The "Notes" in its printed version occupy not much more than 100 pages and are divided into three sections. The first of them tells the reader the end of the history of the Society of the United Slavs, when it merges with the Southern Society of the Decembrists. The second one highlights the uprising of the Chernigov infantry regiment, which ex-"Slavs" played a significant role in the events. The third section tells about the further fate of the rebels – about their trial, exile, and the unsuccessful rebellion of convicts organized by I.I. Sukhinov. Thus, as evidence of the author's undoubted historical self-awareness, according to the facts contained in them, "Gorbachevsky's Notes" go far beyond the limits of his biography, whoever he may be.

The last caveat is not accidental. Contrary to the well-established name of the "Notes" in the literature, we cannot unequivocally assert that their author from among the Decembrists was I.I. Gorbachevsky himself. The fact is that the first publication of this source, in the journal "Russian Archive" in 1882, issue 2, was presented under the heading "Notes of an Unknown Person from the Society of the United Slavs." The publisher (P.I. Bartenev) printed them based on an anonymous manuscript received from Siberia, accompanied by a note: "It seems that these "Notes" were compiled by former lieutenant of the 8th Artillery Brigade Ivan Ivanovich Gorbachevsky; but it is impossible to guarantee this."

An overview of the existing versions of the authorship of the "Notes"

The anonymity of the first publication gave rise to doubts about Gorbachevsky's authorship, which were formulated in detail by one of the founders of Soviet Decembrist studies, M.V. Nechkina. Having demonstrated in the course of her analysis that the "Notes" could similarly belong to the pen of Gorbachevsky's comrades (whose name originally arose as an assumption of the publisher who found the manuscript), she came to the conclusion that the author of the source was most likely another member of the Society of the United Slavs, P.I. Borisov [1, pp. 136-143].

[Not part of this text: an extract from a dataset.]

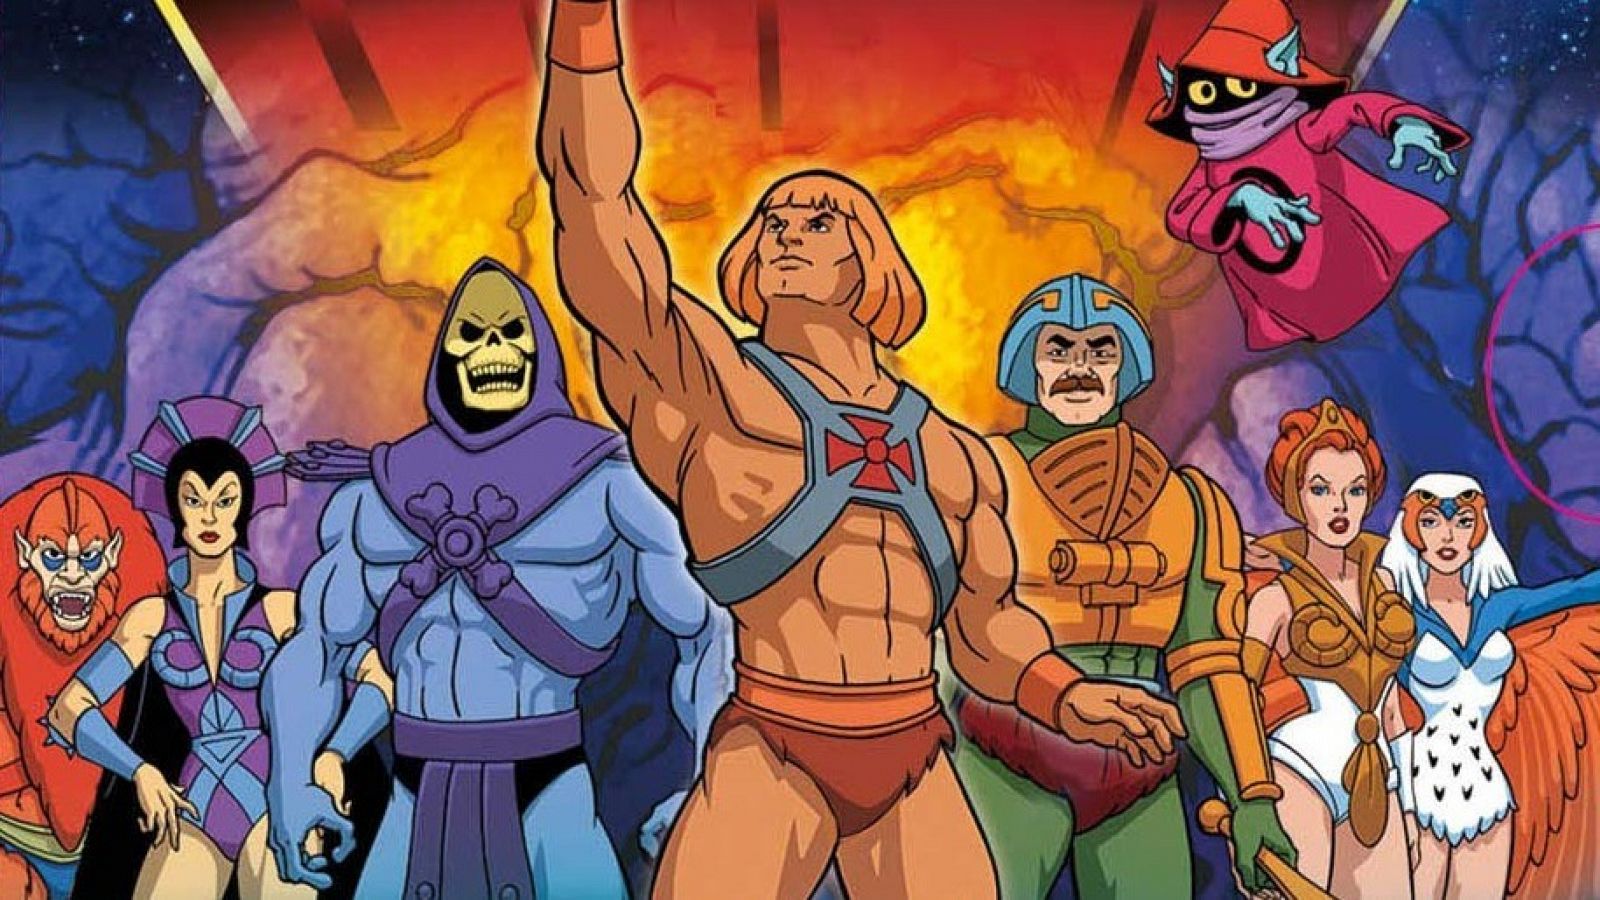 He-Man, She-Ra and the Masters of the Universe claim the power

Gorbachevsky's biographer, G.P. Shatrova, also did not consider him the author of the "Notes" (in any case, the only author). In the monograph "The Decembrists and Siberia" (1962)[2], she positioned herself as the creator of P.I. Borisov's "Notes", appealing to the opinion of M.V. Nechkina; in the monograph on Gorbachev personally, she came to the conclusion that the "Notes" were compiled on the basis of collective memories with subsequent literary processing by one author, and I.I. Gorbachevsky took an active part in this common work. The main argument against Gorbachevsky's exclusive authorship, G.P. Shatrova, found a significant discrepancy between the position of the "Notes" and Gorbachevsky's views expressed in letters from the 1850s to the 1860s on the settlement. [3, P. 75]. Another researcher, N.P. Matkhanova, wrote about the "Notes" as a result of a jointly developed concept as a result of an exchange of opinions within the team. In this regard, we read: "in the casemate community, individual memory was transformed into a social, identifying group, and the development of a "collective history" – that common version of the past, a conditional scheme., a general idea that consisted of images of events" [4, p. 160].

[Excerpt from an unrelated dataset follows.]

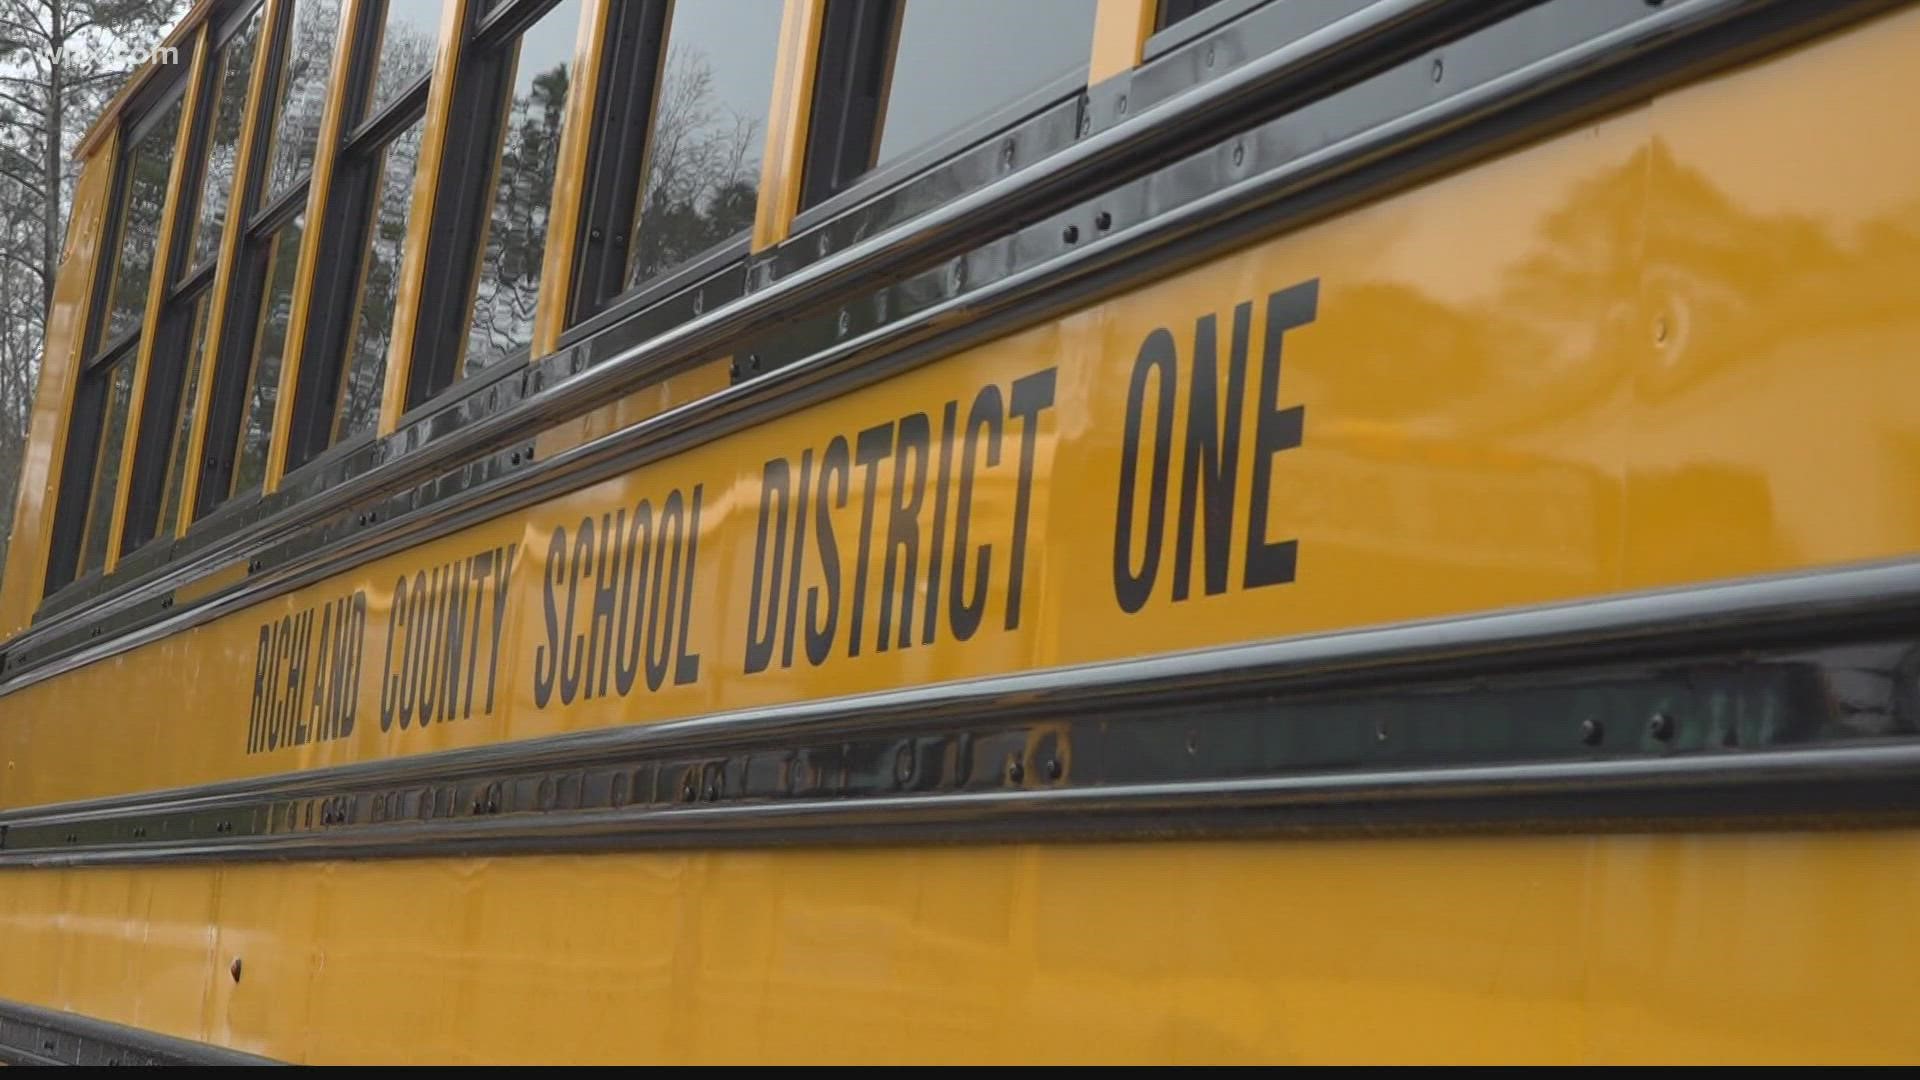 Richland County School District One has a new electric school bus, thanks, in part, to student essays in the "Kids Ride Clean" writing contest.

At the same time, this point of view on the authorship of Gorbachevsky's "Notes" (and M.V. Nechkina's initial arguments themselves) was criticized by a number of other historians. B.E. Syroechkovsky, L.A. Sokolsky, I.V. Porokhov found inconsistencies between the "Notes" and other texts of Gorbachevsky (investigative testimony and letters) to be insignificant and They are explicable, and Gorbachevsky's authorship is absolutely indisputable. (For detailed argumentation, see: [5]; also see [6]) As a result of textual analysis, Zlobin E.V. later came to similar conclusions [7]. Already in the post-Soviet period, I.I. Gorbachevsky was officially listed as the author of the "Notes", for example, in the Great Russian Encyclopedia [8]. At the same time, the opposite point of view continues to prevail in the historiographical field, according to which Gorbachev is not the author of the "Notes" of the same name (see: [9]).

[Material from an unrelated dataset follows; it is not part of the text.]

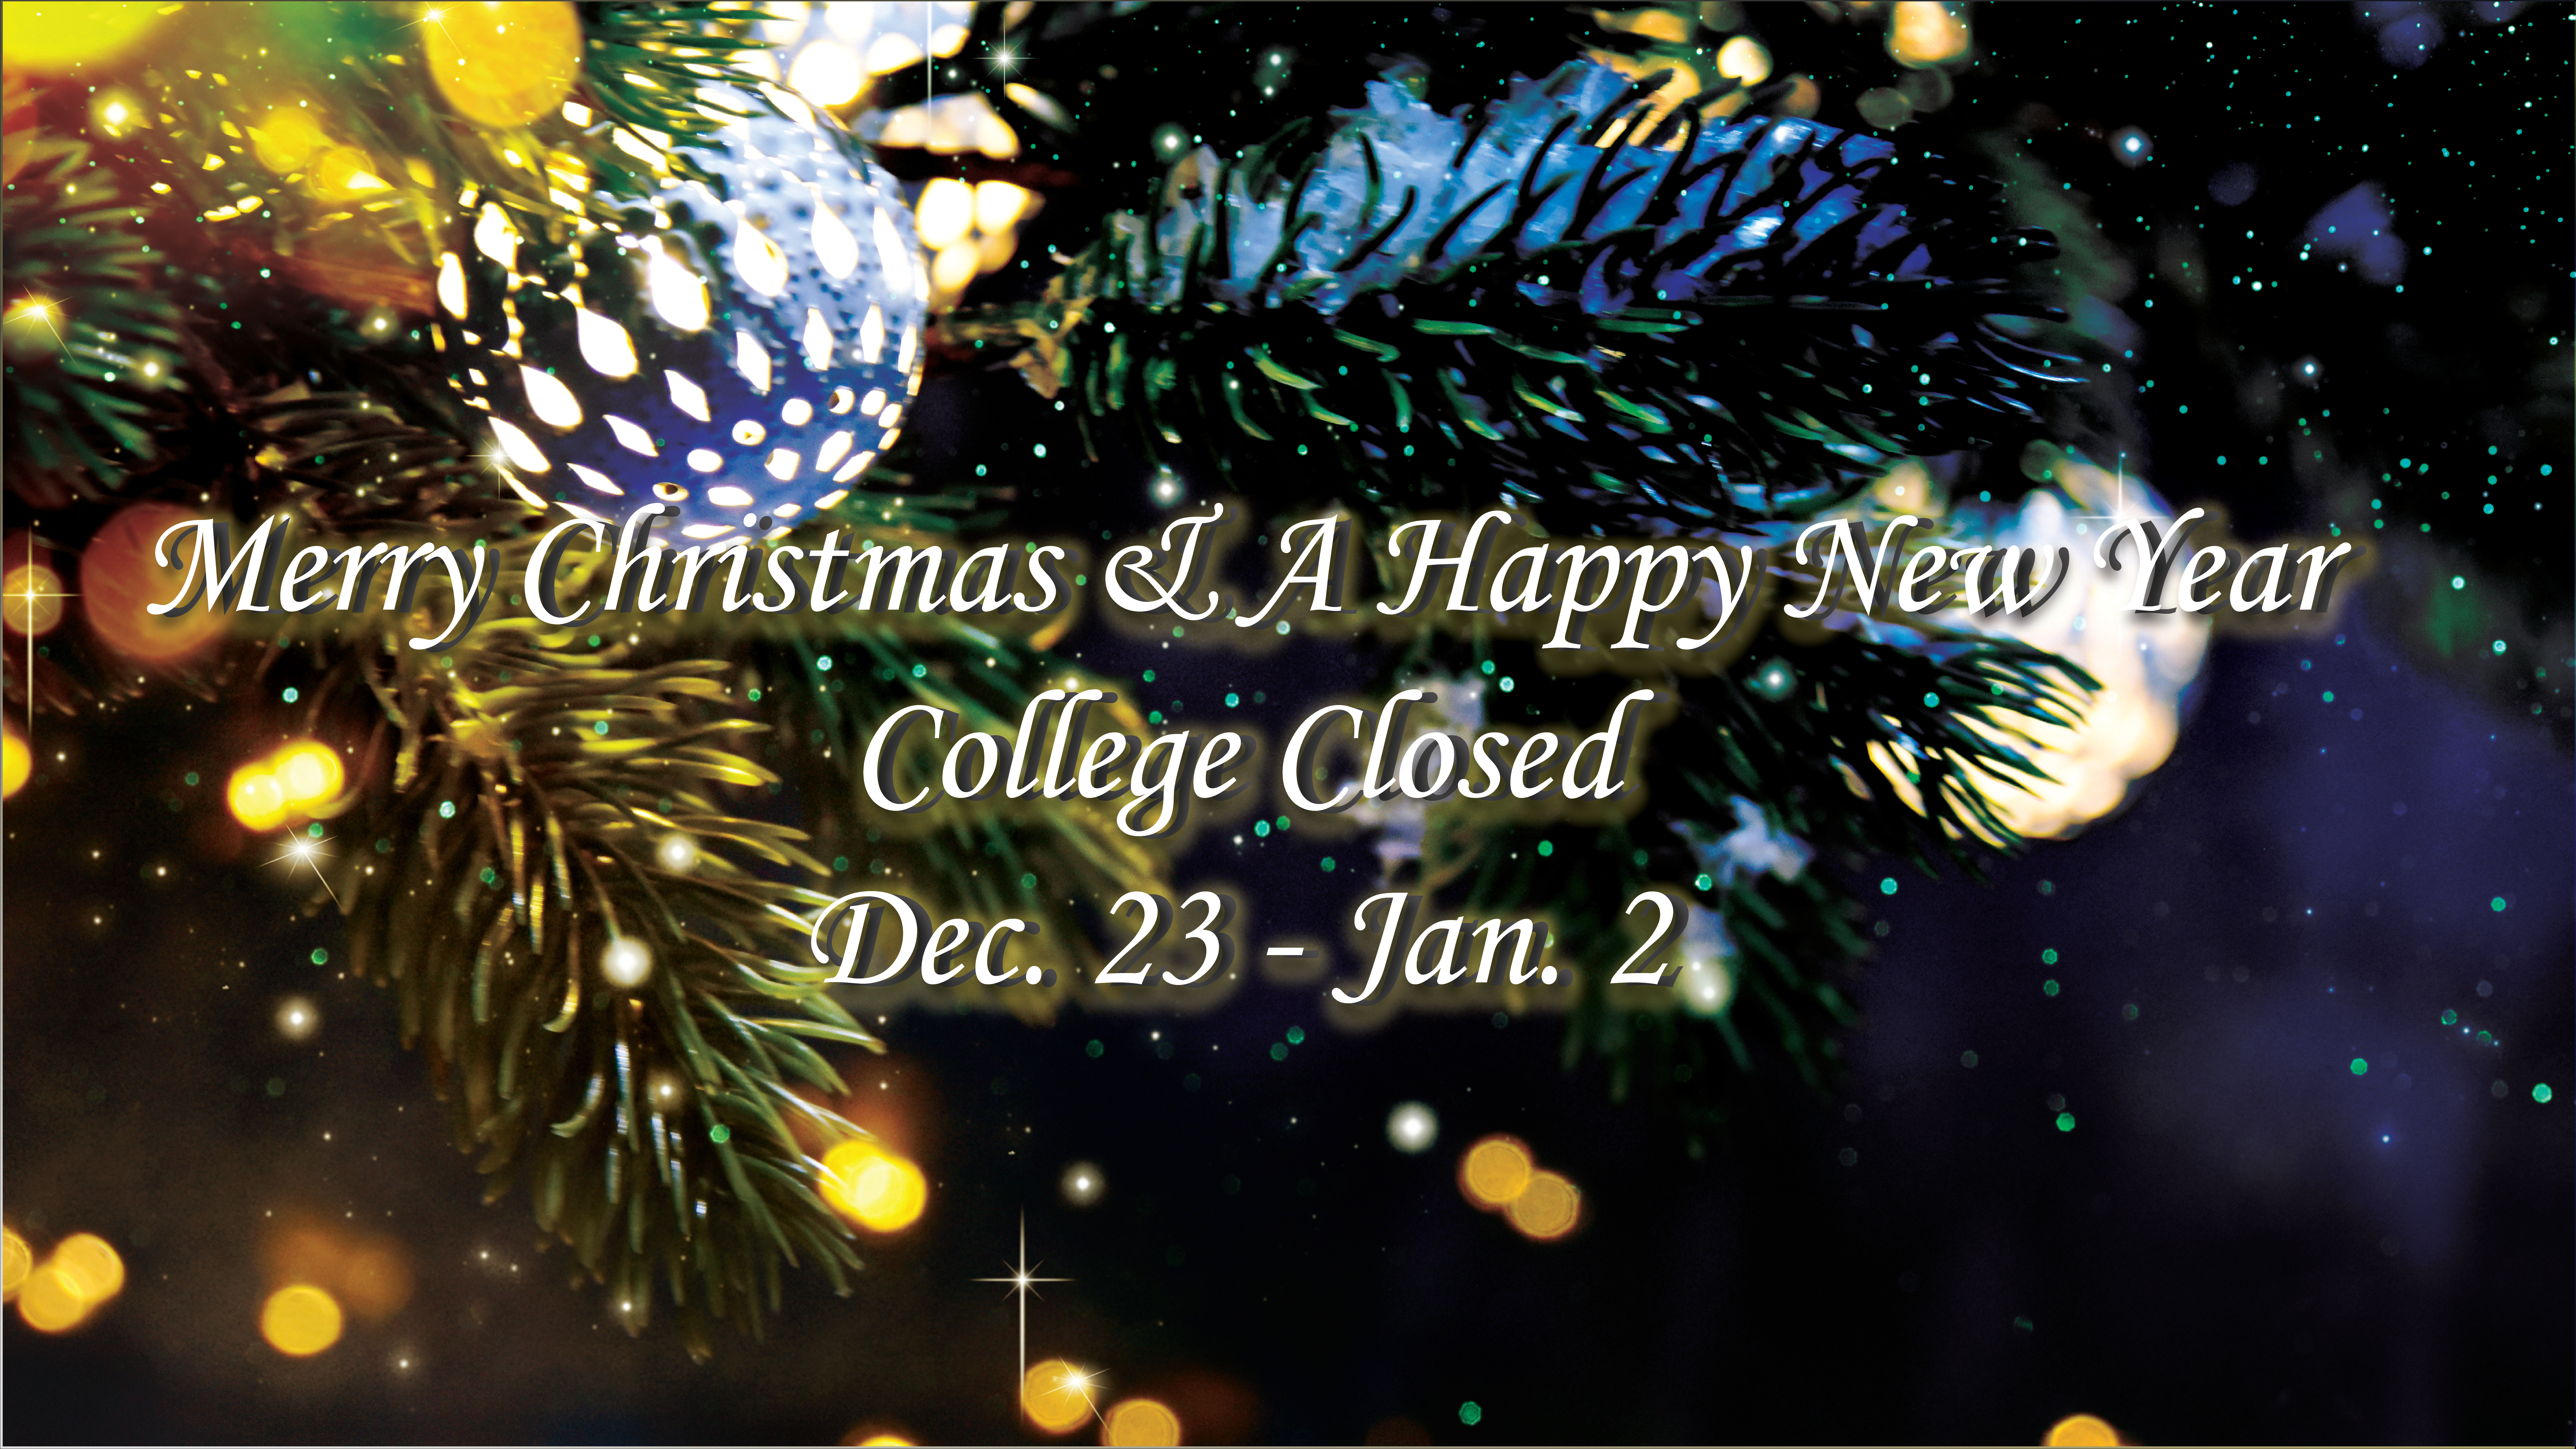 Merry Christmas and Happy New Year Banner. College closed Dec 22 - Jan 2

Thus, it can be argued that the issue of the authorship of Gorbachevsky's "Notes" has not been fully resolved to date. However, new opportunities are now emerging for its research due to the development of information technology. Agreeing with our predecessors that it is hardly possible to consider the question of the authorship of the "Notes" without comparing them with other texts by Gorbachevsky, let's try to analyze all these texts using stylometry [10]. Unlike the traditional approach, in which only a comparison of sources that overlap in any way is adequate, in our case we can include any texts that are guaranteed to belong to the pen of the persons we are interested in. So, if B.E. Syroechkovsky, L.A. Sokolsky and I.V. Porokh considered only Gorbachevsky's letter to M.A. Bestuzhev on June 12, 1861, containing a lot of material about the Decembrist movement as a whole and about individual Decembrists worthy of comparison with the "Notes", then we can now draw to comparison even those letters of Gorbachevsky in which there are no judgments on the Decembrist theme. The same applies to the materials of other members of the Society of the United Slavs, who may have participated in the creation of the "Notes", and above all, to the materials of P.I. Borisov.

There is also a version that the "Gorbachevsky Notes" were written by a team of authors. However, there is no reliable information about which authors and in what proportion could have participated in the creation of the "Notes". Consequently, in this discourse, the correct task of stylometry cannot be formulated and arbitrarily meaningful conclusions cannot be drawn. Therefore, in the framework of this work, we will focus on verifying the versions of the authorship of the "Notes" in the person of I.I. Gorbachevsky and P.I. Borisov.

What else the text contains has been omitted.